Given the therapeutic potential offered by embryonic stem (ES) cells, it is critical to optimize stable gene delivery and expression at different developmental stages of ES cell differentiation. Here, we systematically analyzed lentiviral vectors containing the following promoters: the human elongation factor 1alpha (EF1alpha) promoter, the human cytomegalovirus (CMV) immediate early region enhancer-promoter, the composite CAG promoter (consisting of the CMV immediate early enhancer and the chicken beta-actin promoter), the human phosphoglycerate kinase 1 (PGK) promoter, the murine stem cell virus (MSCV) long terminal repeat (LTR), or the gibbon ape leukemia virus (GALV) LTR. Our results show that the EF1alpha promoter directed robust transgene expression at every stage of mouse ES cell differentiation, whereas the CMV promoter drove transgene expression only during late stages.
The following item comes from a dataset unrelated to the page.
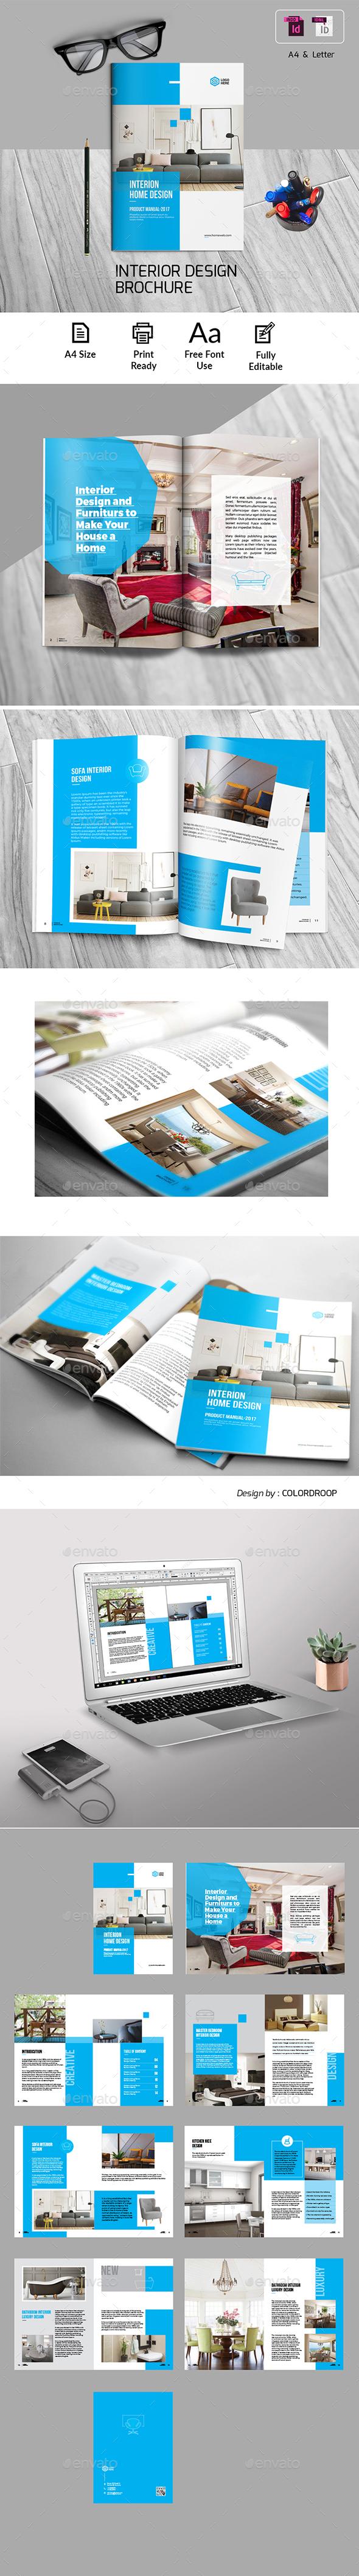 Interior Catalog Design - Corporate Brochures

Similarly, the CAG and PGK promoters drove transgene expression at a significant level only during late stages. The MSCV LTR and the GALV LTR exhibited much lower promoter activities at all stages. Interestingly, mouse ES cells transduced with the EF1alpha promoter-containing lentiviral vector lost most of their transgene expression during in vitro differentiation to neural precursors and neuronal cells. Our results demonstrate that different cellular and viral promoters exhibit very distinct and dynamic properties not only in terms of promoter strength but also with respect to differentiation stage-specific activity.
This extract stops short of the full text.